---------- Source data

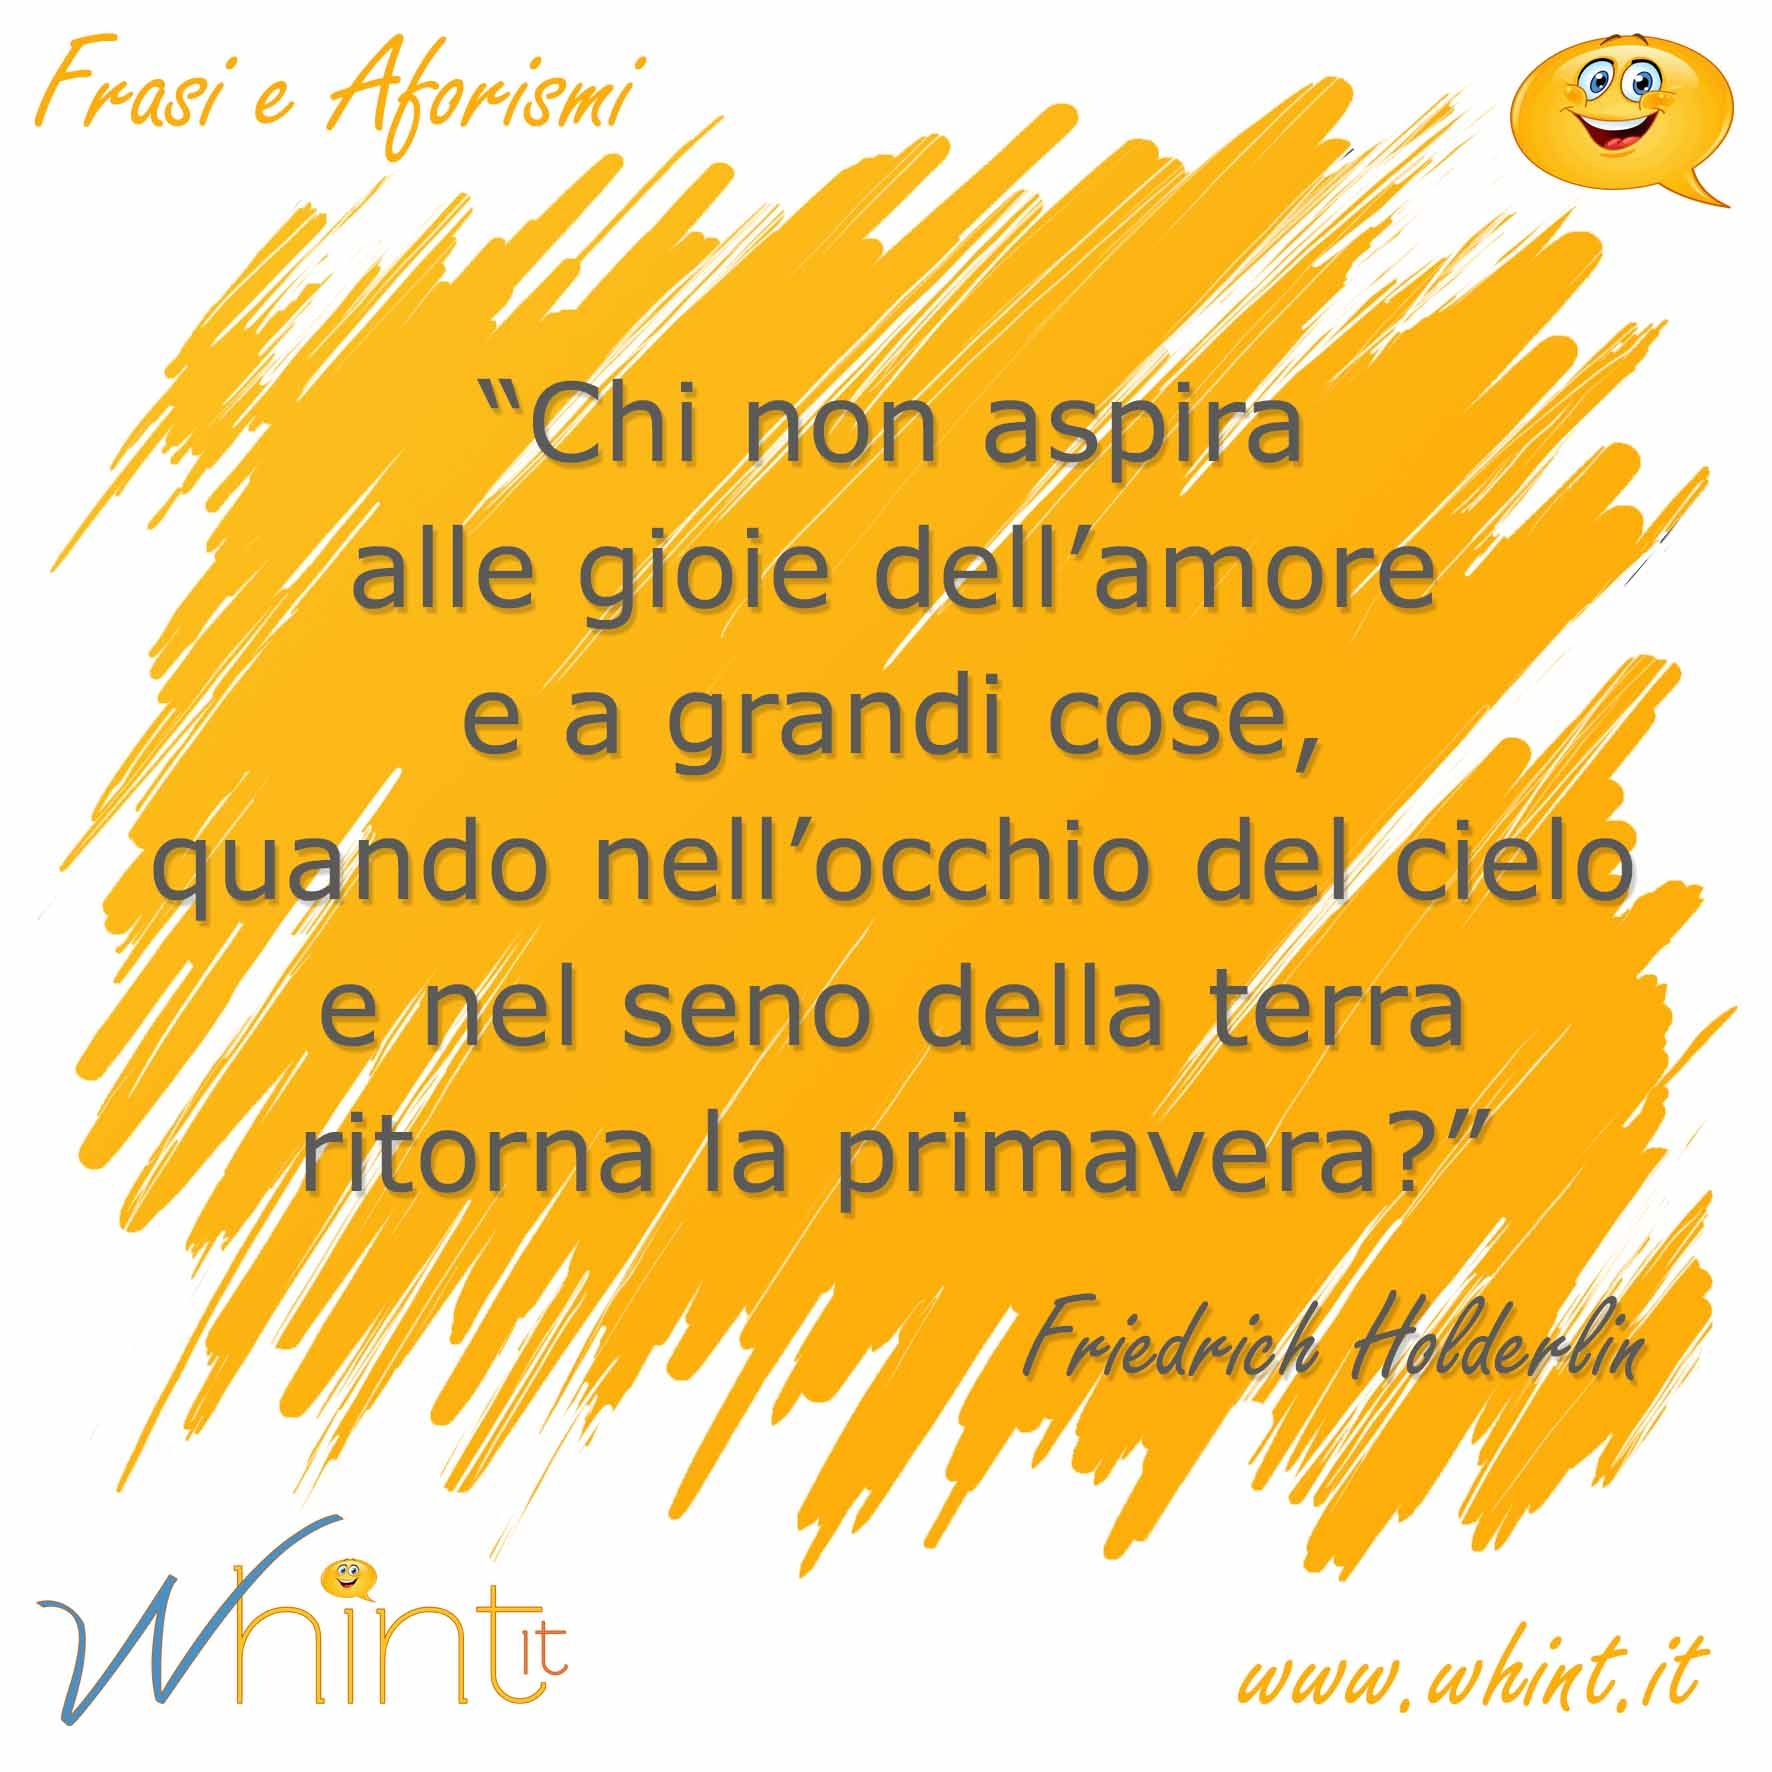 #whintit #pensopositivo #positività #positivo #positivamente #ottimismo #frasi #aforismi #frasicelebri #frasifamose #buongiorno
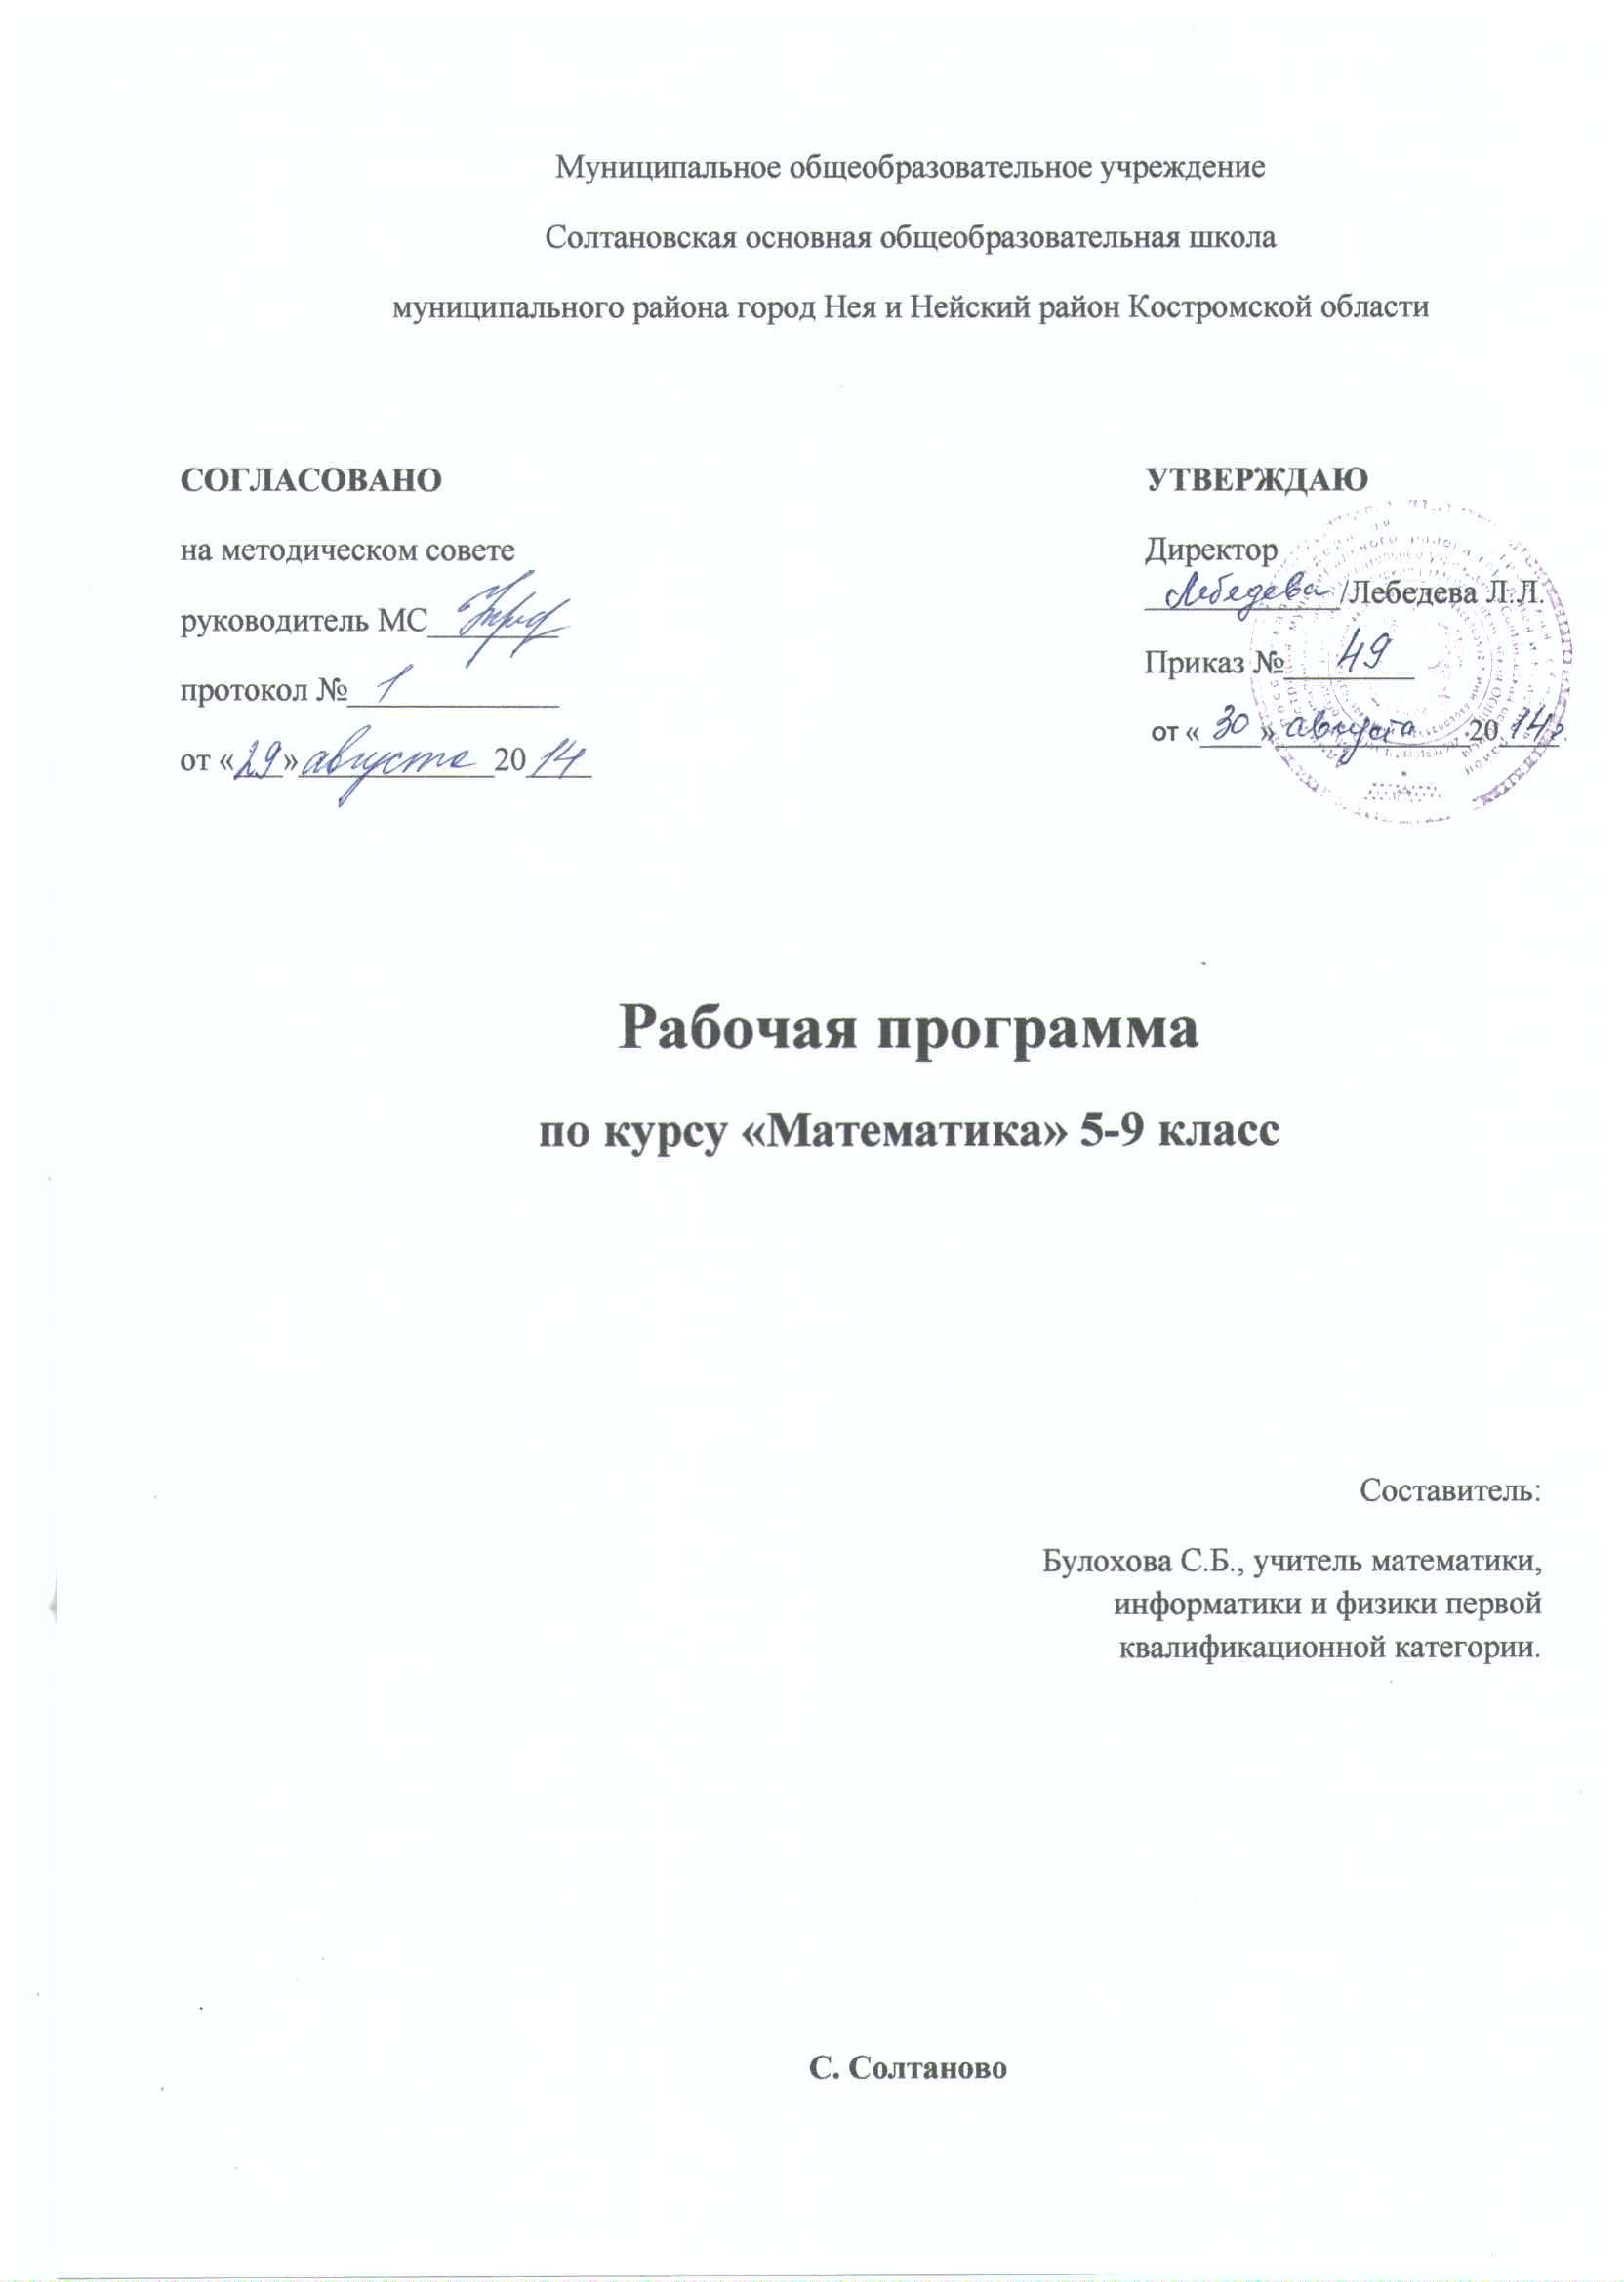 C:\Users\Comp\Desktop\электронное портфолио Булохова Светлана Борисовна\28194521\img-28194521-003.jpg
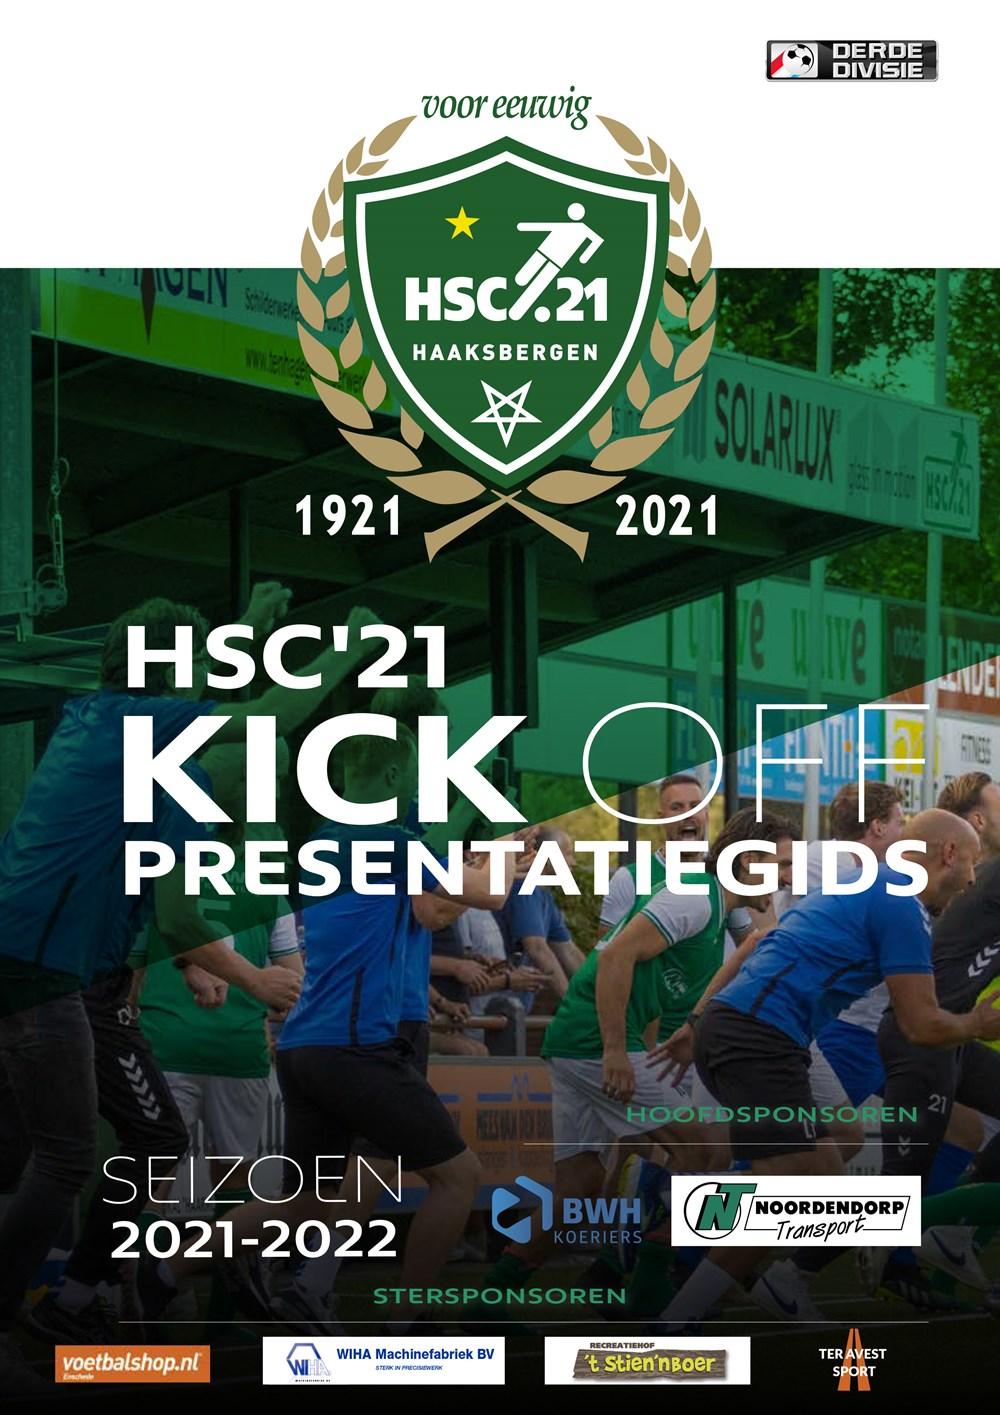 KICK-Off_Presentatie-gids_HSC_21_seizoen_2021-2022_digitaal_edited-1.jpg

--------------------

### Work instructions
When an image appears in the data, skip it and output the rest exactly.

### Solution for this problem
 #whintit #pensopositivo #positività #positivo #positivamente #ottimismo #frasi #aforismi #frasicelebri #frasifamose #buongiorno
 C:\Users\Comp\Desktop\электронное портфолио Булохова Светлана Борисовна\28194521\img-28194521-003.jpg
 KICK-Off_Presentatie-gids_HSC_21_seizoen_2021-2022_digitaal_edited-1.jpg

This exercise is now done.